I'd like every line in the following listing that holds "Knit" copied.
BEGIN Supplied records
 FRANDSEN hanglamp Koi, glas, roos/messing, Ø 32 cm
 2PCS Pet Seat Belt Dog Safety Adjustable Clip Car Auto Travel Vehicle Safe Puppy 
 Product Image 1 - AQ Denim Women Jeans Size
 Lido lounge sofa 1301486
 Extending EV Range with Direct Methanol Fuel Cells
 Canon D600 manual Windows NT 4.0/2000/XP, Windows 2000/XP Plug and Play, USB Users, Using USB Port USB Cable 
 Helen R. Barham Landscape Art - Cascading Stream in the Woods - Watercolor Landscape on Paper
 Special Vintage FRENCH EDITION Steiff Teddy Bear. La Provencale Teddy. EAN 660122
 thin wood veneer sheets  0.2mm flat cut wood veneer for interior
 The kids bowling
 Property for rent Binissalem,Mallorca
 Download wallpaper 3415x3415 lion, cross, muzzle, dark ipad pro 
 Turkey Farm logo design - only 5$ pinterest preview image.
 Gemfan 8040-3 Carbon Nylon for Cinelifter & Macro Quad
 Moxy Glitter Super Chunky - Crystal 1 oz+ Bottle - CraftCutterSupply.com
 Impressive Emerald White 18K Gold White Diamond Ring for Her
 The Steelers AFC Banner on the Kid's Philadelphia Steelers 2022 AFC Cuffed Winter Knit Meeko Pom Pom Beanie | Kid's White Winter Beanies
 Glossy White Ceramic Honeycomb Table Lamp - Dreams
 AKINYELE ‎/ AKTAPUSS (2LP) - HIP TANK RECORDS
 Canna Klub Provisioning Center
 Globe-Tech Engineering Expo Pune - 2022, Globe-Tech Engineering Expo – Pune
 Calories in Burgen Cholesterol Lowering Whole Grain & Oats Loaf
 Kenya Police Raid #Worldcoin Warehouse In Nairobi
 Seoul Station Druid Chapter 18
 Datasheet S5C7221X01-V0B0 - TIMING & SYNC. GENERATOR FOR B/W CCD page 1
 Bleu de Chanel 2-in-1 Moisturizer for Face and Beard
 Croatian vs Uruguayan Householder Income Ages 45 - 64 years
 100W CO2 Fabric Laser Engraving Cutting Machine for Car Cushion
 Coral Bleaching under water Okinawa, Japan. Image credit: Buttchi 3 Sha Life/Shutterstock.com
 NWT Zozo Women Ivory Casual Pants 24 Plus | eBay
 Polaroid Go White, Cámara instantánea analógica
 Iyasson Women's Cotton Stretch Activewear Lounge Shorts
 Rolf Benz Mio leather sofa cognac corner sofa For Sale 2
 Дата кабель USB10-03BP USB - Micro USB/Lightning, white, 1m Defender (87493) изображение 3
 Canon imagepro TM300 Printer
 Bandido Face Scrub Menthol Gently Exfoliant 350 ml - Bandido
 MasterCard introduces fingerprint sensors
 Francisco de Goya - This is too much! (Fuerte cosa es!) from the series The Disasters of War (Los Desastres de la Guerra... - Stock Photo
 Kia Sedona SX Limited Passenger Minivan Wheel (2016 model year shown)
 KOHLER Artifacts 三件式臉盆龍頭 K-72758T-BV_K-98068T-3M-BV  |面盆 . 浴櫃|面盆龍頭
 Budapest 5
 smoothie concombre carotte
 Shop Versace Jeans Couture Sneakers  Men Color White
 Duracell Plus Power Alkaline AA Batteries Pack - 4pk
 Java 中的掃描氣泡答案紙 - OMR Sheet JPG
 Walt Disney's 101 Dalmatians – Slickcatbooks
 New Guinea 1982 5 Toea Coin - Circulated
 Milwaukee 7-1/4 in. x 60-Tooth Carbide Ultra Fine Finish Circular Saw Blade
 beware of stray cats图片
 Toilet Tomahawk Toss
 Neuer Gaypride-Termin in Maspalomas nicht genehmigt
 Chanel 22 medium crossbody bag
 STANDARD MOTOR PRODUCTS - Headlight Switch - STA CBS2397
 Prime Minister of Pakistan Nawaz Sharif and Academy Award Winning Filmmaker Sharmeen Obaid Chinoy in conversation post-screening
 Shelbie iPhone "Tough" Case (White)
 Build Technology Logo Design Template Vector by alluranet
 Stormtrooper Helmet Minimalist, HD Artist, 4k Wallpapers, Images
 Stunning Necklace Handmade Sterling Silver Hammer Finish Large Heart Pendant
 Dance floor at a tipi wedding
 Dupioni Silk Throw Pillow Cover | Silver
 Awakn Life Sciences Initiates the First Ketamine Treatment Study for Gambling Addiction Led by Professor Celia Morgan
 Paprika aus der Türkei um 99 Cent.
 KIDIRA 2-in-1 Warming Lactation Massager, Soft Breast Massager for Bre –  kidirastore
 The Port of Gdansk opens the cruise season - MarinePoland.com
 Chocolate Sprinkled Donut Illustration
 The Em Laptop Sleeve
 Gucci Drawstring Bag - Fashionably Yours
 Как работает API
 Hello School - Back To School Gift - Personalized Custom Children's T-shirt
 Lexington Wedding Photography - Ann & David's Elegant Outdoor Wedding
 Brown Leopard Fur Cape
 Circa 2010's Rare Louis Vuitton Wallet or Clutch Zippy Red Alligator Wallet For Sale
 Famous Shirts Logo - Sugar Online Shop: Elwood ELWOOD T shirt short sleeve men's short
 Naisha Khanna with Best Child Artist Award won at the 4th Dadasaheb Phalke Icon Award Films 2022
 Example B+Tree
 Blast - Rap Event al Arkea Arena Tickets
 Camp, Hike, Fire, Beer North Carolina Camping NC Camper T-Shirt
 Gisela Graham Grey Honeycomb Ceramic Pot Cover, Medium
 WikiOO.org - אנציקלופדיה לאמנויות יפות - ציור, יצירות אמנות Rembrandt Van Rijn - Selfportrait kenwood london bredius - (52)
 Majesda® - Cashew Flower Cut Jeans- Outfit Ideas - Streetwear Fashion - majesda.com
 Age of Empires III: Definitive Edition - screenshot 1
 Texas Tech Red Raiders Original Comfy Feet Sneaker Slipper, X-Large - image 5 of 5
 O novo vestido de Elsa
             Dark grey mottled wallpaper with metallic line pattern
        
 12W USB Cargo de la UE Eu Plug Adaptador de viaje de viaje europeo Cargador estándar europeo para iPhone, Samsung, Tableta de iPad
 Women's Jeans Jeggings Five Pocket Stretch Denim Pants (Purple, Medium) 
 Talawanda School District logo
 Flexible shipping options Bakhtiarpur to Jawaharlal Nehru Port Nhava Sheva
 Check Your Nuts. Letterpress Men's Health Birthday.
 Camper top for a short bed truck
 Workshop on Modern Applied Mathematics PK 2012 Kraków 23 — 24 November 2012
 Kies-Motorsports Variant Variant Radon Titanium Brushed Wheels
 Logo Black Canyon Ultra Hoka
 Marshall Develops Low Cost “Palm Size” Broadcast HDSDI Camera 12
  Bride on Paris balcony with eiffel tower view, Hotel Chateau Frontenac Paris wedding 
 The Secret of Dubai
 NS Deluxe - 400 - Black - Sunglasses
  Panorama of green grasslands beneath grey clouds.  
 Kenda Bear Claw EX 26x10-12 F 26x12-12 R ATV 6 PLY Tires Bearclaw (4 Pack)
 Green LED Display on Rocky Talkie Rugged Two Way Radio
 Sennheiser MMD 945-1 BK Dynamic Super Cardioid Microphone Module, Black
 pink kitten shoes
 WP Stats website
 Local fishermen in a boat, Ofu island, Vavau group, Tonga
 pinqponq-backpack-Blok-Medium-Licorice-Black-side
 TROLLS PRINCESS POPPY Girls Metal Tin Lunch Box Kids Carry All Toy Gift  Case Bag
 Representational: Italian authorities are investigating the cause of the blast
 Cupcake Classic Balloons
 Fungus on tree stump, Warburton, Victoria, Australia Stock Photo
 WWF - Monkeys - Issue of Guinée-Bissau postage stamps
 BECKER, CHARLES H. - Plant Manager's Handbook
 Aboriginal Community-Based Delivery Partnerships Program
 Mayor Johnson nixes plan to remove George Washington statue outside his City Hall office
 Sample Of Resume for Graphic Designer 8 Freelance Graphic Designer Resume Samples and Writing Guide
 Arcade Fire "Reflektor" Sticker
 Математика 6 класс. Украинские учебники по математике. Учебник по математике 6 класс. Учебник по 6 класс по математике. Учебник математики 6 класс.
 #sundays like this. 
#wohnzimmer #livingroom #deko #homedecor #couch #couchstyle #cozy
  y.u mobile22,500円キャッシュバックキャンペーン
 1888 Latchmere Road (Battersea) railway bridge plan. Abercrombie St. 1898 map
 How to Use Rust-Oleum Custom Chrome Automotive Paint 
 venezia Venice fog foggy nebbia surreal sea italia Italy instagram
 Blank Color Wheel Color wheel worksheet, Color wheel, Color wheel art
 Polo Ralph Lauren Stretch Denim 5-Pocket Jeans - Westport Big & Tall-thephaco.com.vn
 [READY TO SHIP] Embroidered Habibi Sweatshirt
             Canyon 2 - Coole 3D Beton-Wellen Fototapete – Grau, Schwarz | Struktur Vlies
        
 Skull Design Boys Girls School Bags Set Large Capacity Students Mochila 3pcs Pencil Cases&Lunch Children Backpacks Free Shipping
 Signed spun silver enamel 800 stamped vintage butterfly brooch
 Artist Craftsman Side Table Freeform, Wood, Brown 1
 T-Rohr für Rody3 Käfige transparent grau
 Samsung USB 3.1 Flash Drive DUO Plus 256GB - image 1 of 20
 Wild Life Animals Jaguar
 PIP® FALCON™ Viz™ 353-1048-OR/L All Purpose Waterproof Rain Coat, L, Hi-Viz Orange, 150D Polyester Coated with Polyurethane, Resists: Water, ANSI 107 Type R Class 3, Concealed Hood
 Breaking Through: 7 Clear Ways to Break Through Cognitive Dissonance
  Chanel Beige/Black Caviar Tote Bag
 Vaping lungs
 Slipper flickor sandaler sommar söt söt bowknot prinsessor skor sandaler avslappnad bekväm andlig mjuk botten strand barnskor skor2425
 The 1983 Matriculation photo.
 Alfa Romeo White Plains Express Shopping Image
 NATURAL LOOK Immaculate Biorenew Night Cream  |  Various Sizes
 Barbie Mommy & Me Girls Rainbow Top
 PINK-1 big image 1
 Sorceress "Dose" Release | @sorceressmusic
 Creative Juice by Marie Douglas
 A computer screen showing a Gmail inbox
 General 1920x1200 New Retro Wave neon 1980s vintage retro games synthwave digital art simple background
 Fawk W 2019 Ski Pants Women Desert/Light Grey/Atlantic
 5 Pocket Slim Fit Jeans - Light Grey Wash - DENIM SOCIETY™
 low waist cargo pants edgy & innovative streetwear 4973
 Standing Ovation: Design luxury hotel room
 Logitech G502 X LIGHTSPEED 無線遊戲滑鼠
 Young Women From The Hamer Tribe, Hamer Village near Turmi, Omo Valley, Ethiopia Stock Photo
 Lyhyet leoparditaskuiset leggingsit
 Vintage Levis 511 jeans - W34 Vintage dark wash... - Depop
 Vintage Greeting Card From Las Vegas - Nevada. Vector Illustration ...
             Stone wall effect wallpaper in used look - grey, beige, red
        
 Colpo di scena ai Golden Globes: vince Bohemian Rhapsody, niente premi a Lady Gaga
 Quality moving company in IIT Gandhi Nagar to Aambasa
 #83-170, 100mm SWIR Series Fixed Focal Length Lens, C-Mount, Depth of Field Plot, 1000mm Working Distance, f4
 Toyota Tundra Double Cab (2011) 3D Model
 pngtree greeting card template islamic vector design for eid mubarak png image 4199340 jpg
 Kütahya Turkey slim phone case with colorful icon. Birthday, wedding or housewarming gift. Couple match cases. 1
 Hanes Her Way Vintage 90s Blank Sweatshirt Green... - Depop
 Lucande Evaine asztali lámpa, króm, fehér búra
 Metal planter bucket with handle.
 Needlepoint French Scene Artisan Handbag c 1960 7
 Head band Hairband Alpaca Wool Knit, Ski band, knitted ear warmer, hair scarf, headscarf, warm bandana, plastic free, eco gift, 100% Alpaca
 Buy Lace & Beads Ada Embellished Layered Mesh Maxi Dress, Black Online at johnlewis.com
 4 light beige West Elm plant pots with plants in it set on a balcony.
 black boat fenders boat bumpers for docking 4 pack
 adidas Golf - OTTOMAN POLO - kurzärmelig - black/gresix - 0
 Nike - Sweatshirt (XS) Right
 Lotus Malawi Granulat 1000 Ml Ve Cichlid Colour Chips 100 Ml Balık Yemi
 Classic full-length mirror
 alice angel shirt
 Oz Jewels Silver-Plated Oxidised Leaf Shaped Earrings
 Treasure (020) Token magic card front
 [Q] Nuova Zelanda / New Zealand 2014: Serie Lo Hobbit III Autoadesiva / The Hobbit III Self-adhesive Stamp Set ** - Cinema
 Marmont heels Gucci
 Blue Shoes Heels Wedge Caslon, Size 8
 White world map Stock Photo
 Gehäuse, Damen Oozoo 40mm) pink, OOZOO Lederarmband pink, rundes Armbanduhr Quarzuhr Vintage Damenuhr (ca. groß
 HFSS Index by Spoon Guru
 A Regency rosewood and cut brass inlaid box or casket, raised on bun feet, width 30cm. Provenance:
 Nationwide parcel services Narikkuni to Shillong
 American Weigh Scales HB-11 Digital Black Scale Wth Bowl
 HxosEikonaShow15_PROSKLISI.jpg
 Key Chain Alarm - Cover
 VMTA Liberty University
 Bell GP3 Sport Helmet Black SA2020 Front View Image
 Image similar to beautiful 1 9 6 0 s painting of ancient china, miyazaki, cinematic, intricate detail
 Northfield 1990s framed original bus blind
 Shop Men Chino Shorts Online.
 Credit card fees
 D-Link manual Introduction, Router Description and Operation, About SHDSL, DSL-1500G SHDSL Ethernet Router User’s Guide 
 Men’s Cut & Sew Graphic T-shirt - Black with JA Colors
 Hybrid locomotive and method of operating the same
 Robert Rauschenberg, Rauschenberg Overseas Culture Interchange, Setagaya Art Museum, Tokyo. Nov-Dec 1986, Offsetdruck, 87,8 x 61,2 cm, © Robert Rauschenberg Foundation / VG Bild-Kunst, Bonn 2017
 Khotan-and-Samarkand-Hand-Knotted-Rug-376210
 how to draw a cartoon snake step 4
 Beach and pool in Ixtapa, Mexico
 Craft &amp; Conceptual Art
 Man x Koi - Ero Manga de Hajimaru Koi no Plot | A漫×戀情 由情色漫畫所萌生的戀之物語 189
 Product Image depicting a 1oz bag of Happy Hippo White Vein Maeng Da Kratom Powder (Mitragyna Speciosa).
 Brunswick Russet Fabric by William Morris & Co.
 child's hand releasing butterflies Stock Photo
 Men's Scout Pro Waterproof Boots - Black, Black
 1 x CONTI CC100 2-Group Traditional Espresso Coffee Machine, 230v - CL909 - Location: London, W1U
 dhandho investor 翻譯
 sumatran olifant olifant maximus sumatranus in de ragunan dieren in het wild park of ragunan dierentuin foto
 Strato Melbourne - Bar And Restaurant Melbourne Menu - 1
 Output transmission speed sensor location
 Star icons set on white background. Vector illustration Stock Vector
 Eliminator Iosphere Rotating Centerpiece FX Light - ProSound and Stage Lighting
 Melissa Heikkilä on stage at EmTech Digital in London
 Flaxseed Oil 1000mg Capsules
END Supplied records
Task answer:
 The Steelers AFC Banner on the Kid's Philadelphia Steelers 2022 AFC Cuffed Winter Knit Meeko Pom Pom Beanie | Kid's White Winter Beanies
 Head band Hairband Alpaca Wool Knit, Ski band, knitted ear warmer, hair scarf, headscarf, warm bandana, plastic free, eco gift, 100% Alpaca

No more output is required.